- _Recorded data_

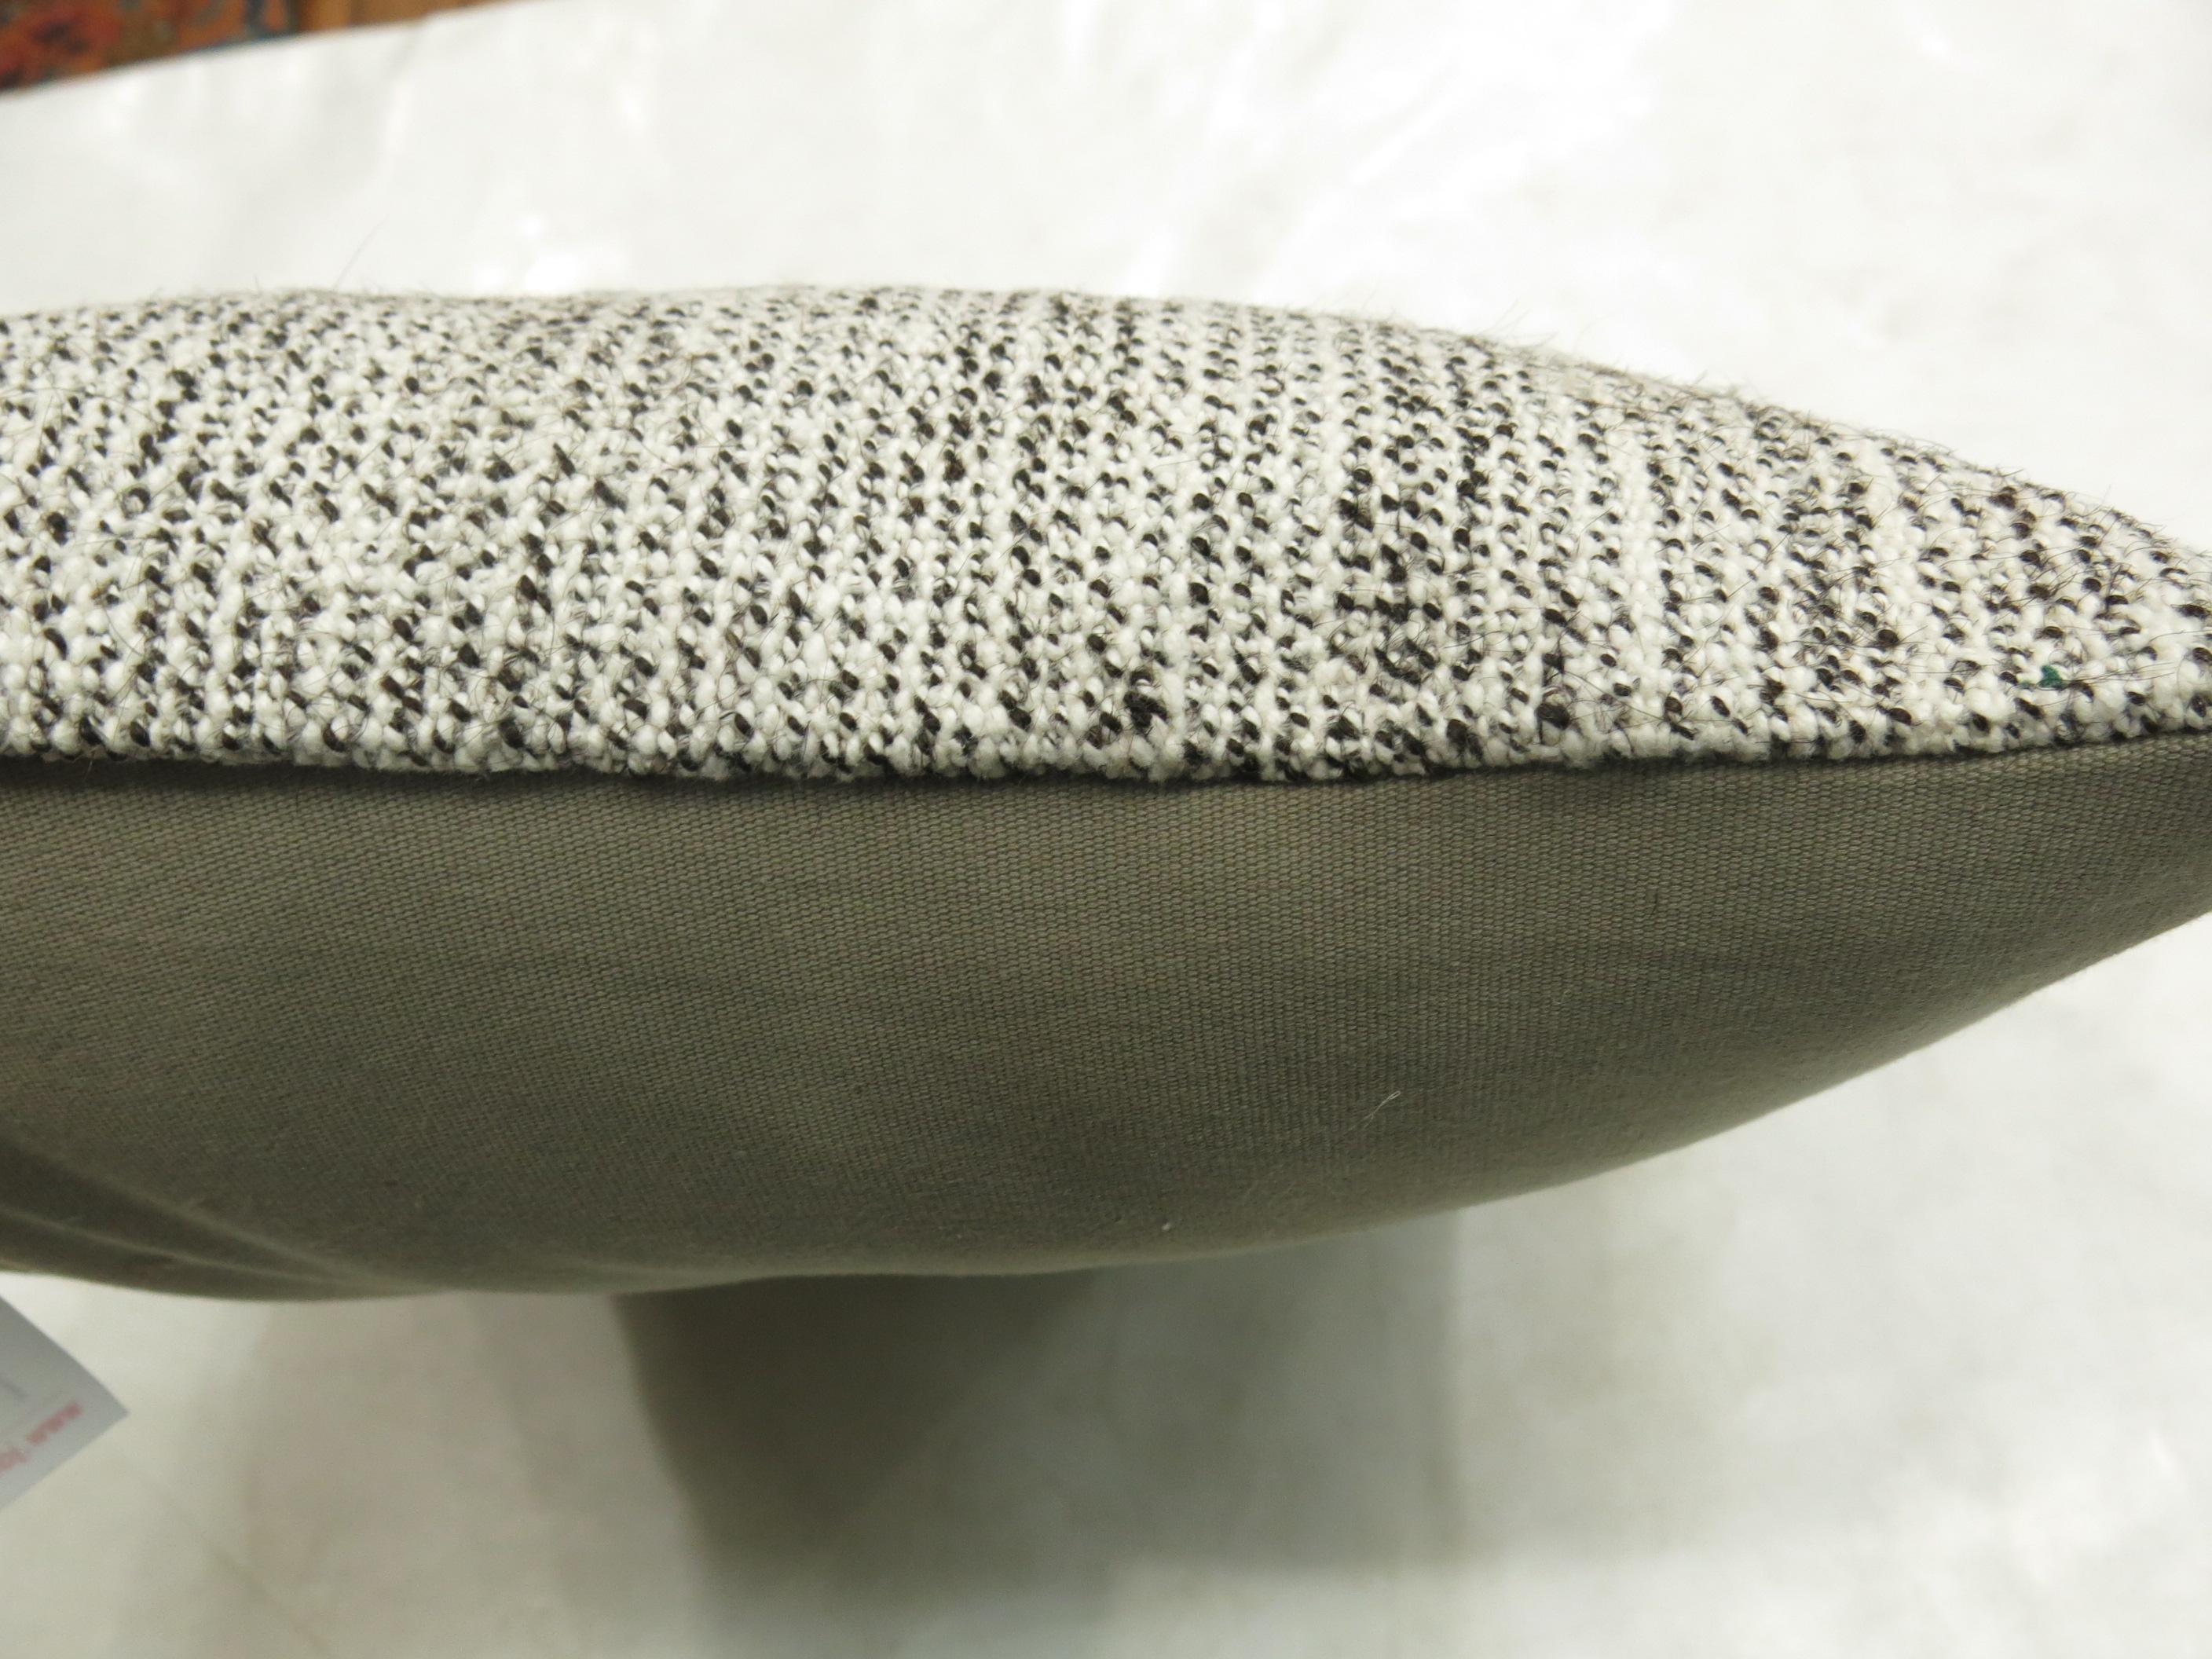 Coussin moucheté de couleur grise fabriqué à partir d'un Kilim turc vintage.

17'' x 18''
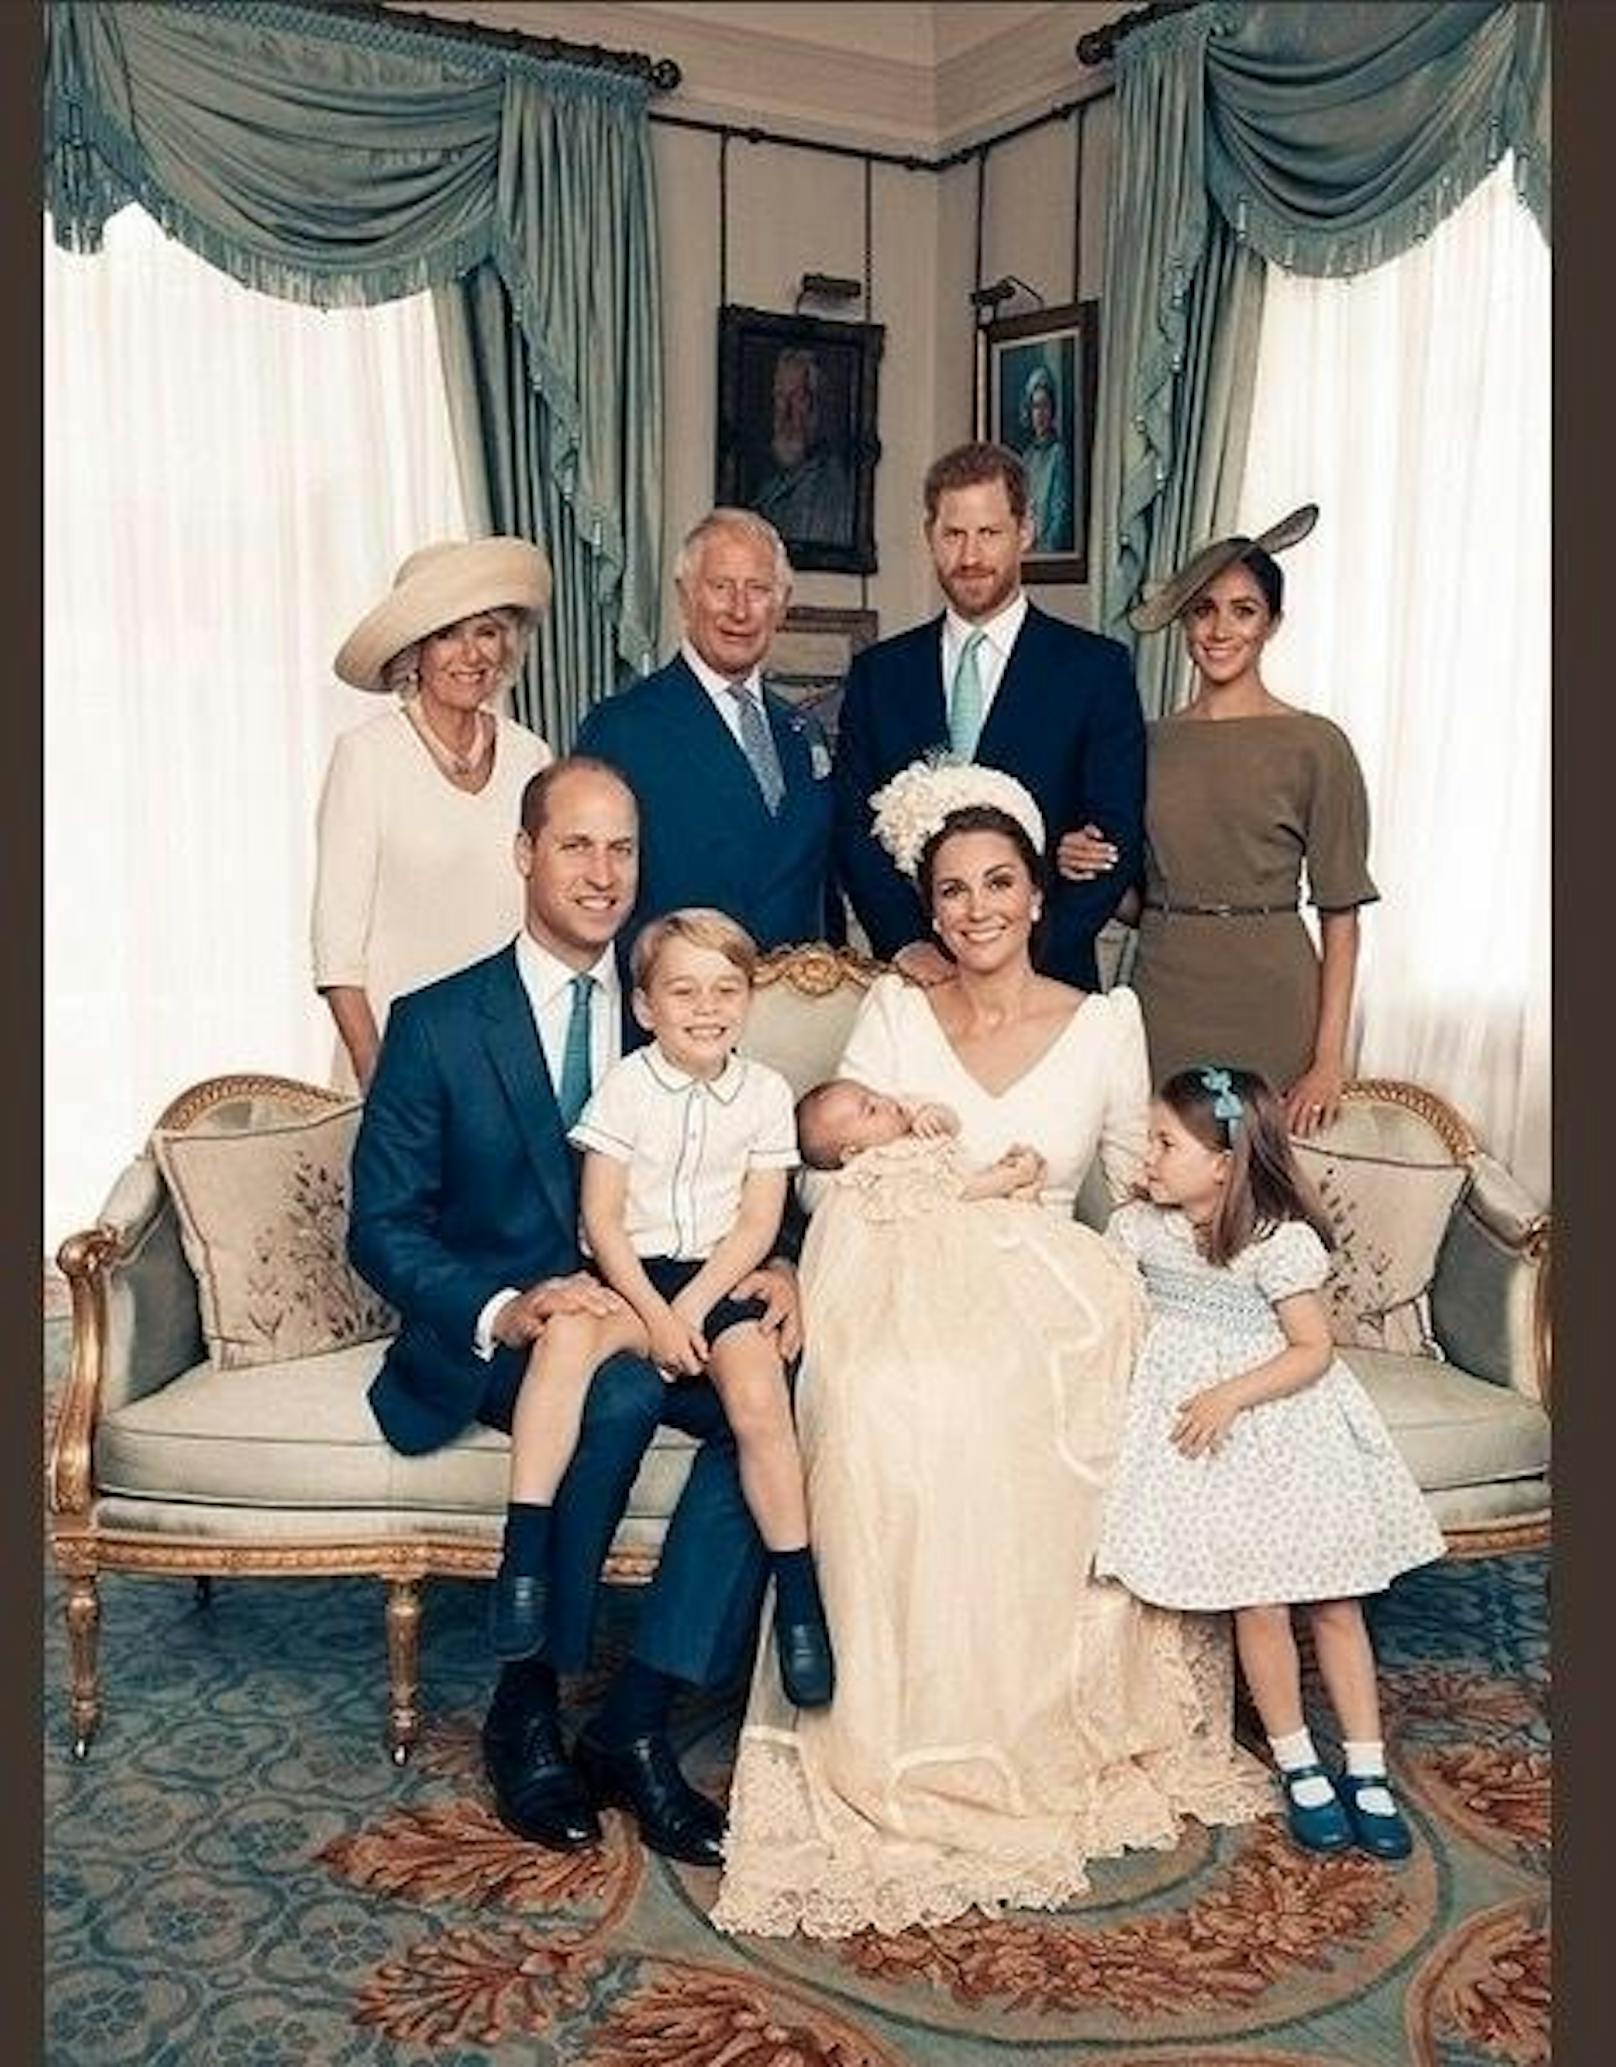 Gemeinsam mit Prinz Charles (69), Herzogin Camilla (70), Prinz Harry (33) und Herzogin Meghan (36) posieren Kate, William und ihre Kinder in einem der prunkvollen Räume im Clarence House. Alle Augen dürften bei dem Bild aber auf Charlotte und George liegen. Während der Prinz nämlich auf dem Schoss seines Vaters sitzt und breit in die Kamera grinst, schaut die kleine Prinzessin verzückt in die Richtung ihres Bruders.

- _Task brief_
Counting both ends, reproduce word for word the lines from the line with "17'' x 18''" to the final line of the listing above, skipping every picture.

- _Answer space_
17'' x 18''
 Gemeinsam mit Prinz Charles (69), Herzogin Camilla (70), Prinz Harry (33) und Herzogin Meghan (36) posieren Kate, William und ihre Kinder in einem der prunkvollen Räume im Clarence House. Alle Augen dürften bei dem Bild aber auf Charlotte und George liegen. Während der Prinz nämlich auf dem Schoss seines Vaters sitzt und breit in die Kamera grinst, schaut die kleine Prinzessin verzückt in die Richtung ihres Bruders.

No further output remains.